Phone hacking letter spells more trouble for Murdoch and News Corp.

A letter from a former News of the World reporter previously jailed for phone hacking says the practice was 'widely discussed' at the shuttered tabloid.

A letter from a former News of the World reporter, who was jailed in 2007 for hacking the phones of British royalty, further calls into question the veracity of testimony from Rupert Murdoch and his son James at last month's sensational phone hacking hearing.

The letter from Clive Goodman to News International, the British newspaper arm of Mr. Murdoch's News Corp., says that NotW editors "widely discussed" the practice of hacking until ordered to stop by former deputy editor Andy Coulson, who was later hired as Prime Minister David Cameron's communications chief.

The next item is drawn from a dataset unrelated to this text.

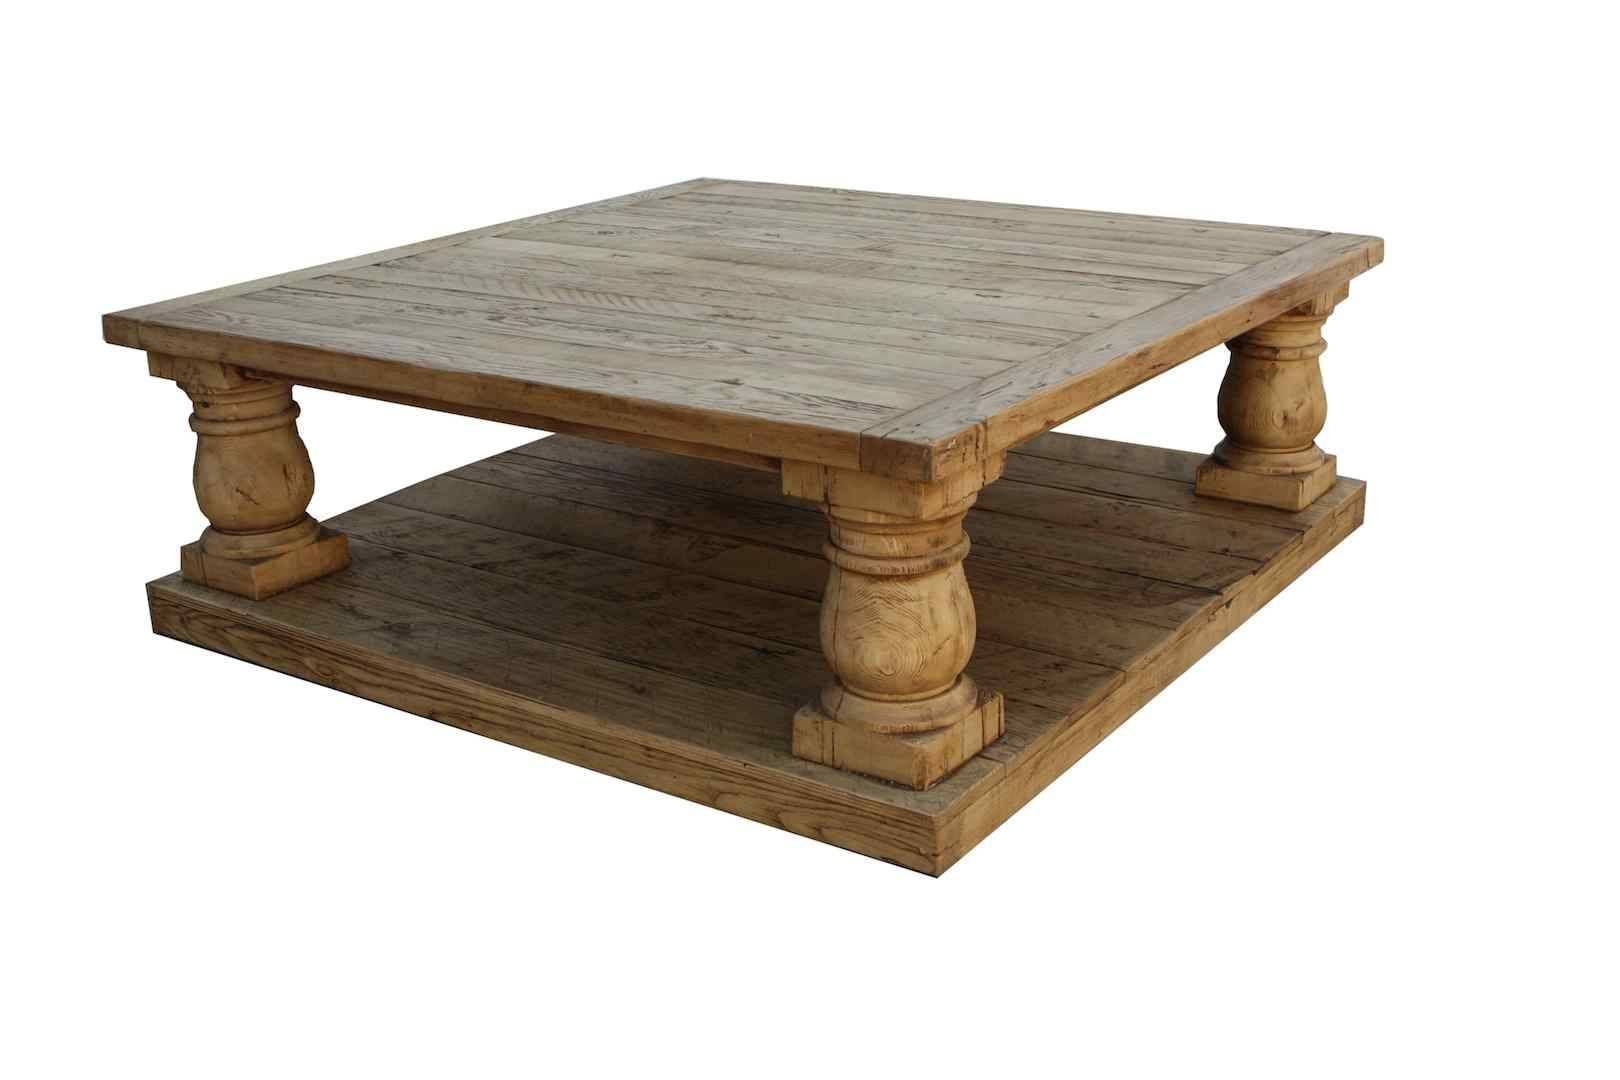 Large Square Coffee Table Increasing Interior Elegance – Ruchi Designs Throughout Square Wooden Coffee Table (View 5 of 15)
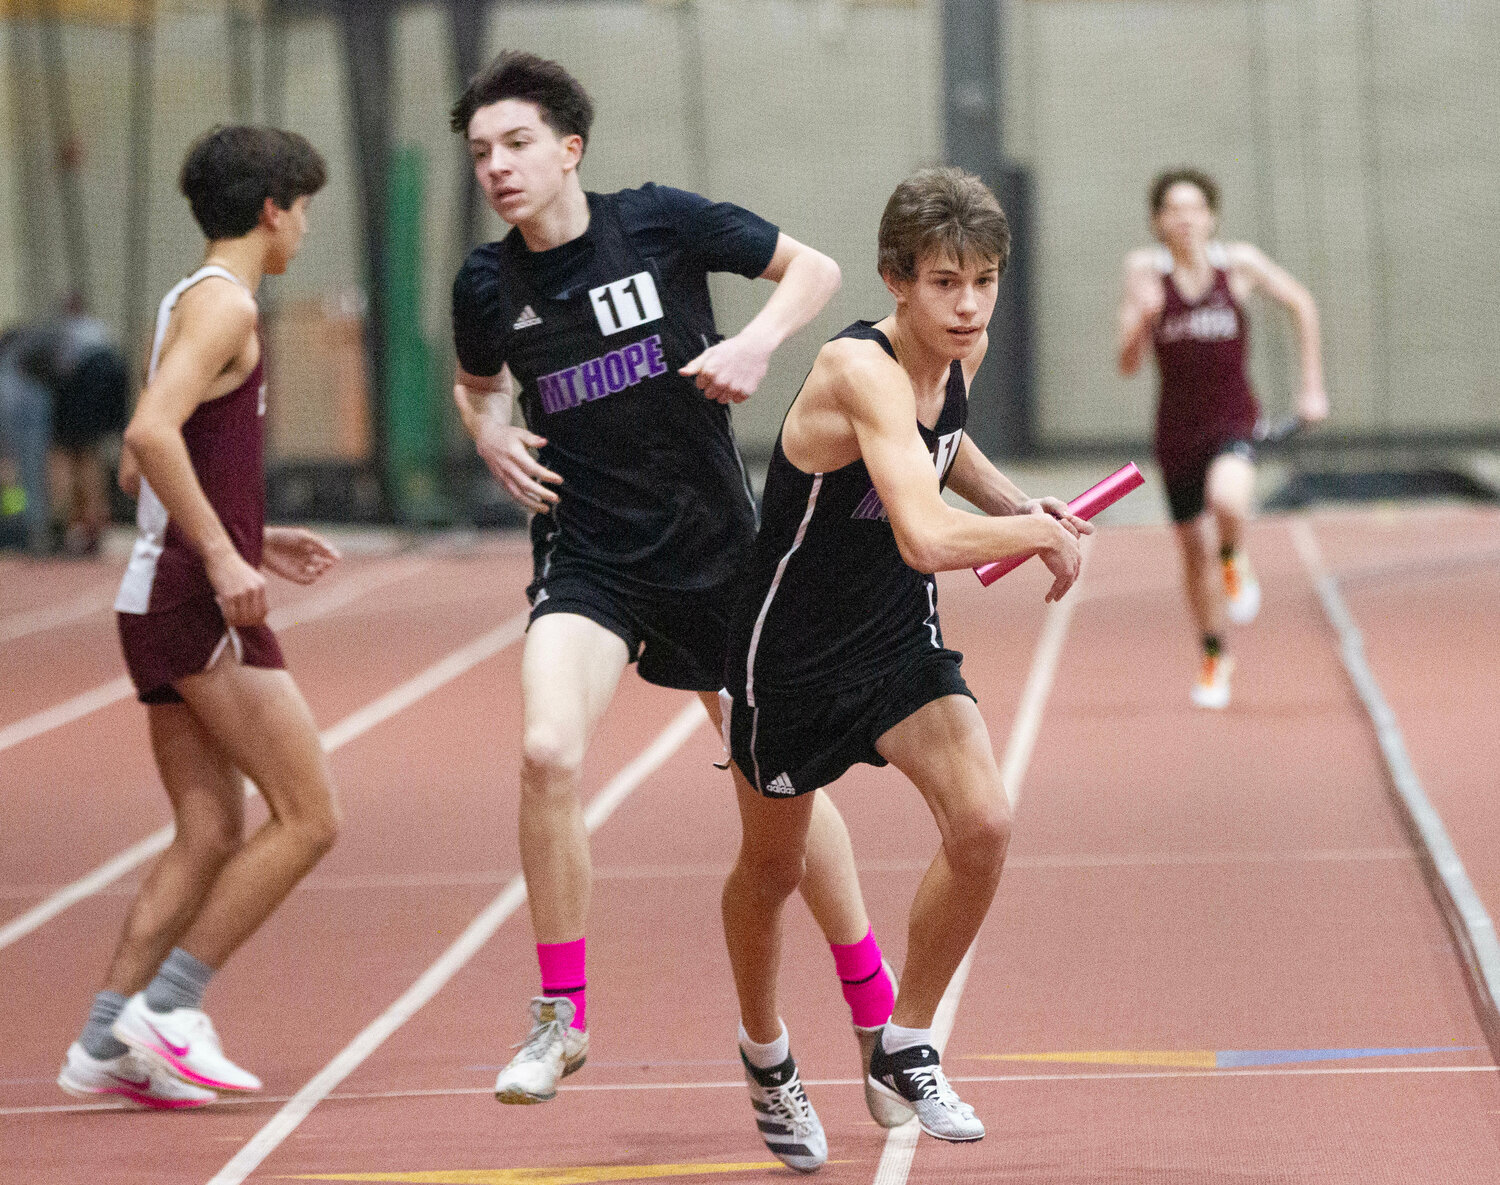 Andy Charest hands the baton to Jackson Lopes during the 4x800 meter run.

The appearance of the letter on Tuesday now suggests that James Murdoch may be recalled to Parliament to answer questions about whether he knew more than they admitted to at the July 19 hearing.

“If the content of [Mr. Goodman’s] letter is confirmed it will suggest the evidence James Murdoch gave the committee is not consistent with evidence now coming out,” says Martin Moore of the London-based Media Standards Trust.

British Labor MP Tom Watson, a member of the parliamentary culture, media, and sport select committee, called the Goodman letter “the most significant piece of evidence that has been revealed so far. It completely removes News International's defense. This is one of the largest cover-ups I have seen in my lifetime."

Britain's phone hacking scandal blew up in July after the Guardian revealed a widespread practice of hacking phones as a way to publish juicy tabloid stories that eventually began to trade on the private anguish of ordinary people. The Guardian revealed that NotW went so far as to erase the voice mail of a murdered young girl, Milly Dowler.

The news brought about widespread revulsion in Britain against Murdoch's News Corp., the closure of the 163-year old NotW, and kicked off a political scandal about Prime Minister Cameron's decision to hire Mr. Coulson (who has resigned from 10 Downing Street and been charged in the phone hacking inquiry).

Dated March 2, 2007, Mr. Goodman's letter was sent as a protest against his firing from NotW following his arrest for phone hacking. Goodman, the former royals correspondent, asserts dismay over his dismissal since hacking was “widely discussed” and supported by senior NotW management.

At the parliamentary hearing last month, the Murdochs asserted that they did not know the scale of the hacking practice until recently, and said they thought it was restricted to Goodman. Yet immediately after the hearing, two former News International executives contested the younger Murdoch’s claim of ignorance.

For his testimony, James Murdoch said he relied on a legal analysis of Goodman’s activity by the law firm of Harbottle and Lewis to suggest that he thought hacking was not widespread. The Harbottle firm now states it was not hired to perform any exhaustive review of criminality or illegal behavior at News Corp. beyond that of Goodman, and called the Murdoch testimony that used their finding “self serving.”

The firm said its initial News Corp. employed statement on Goodman’s hacking, that suggests other News Corp. executives were not connected to Goodman's hacking, was subject to detailed negotiations with News Corp. when it was released.

"There was absolutely no question of the firm being asked to provide News International with a clean bill of health which it could deploy years later in wholly different contexts for wholly different purposes. … The firm was not being asked to provide some sort of 'good conduct certificate' which News International could show to Parliament,” Harbottle and Lewis wrote to the committee after July 19.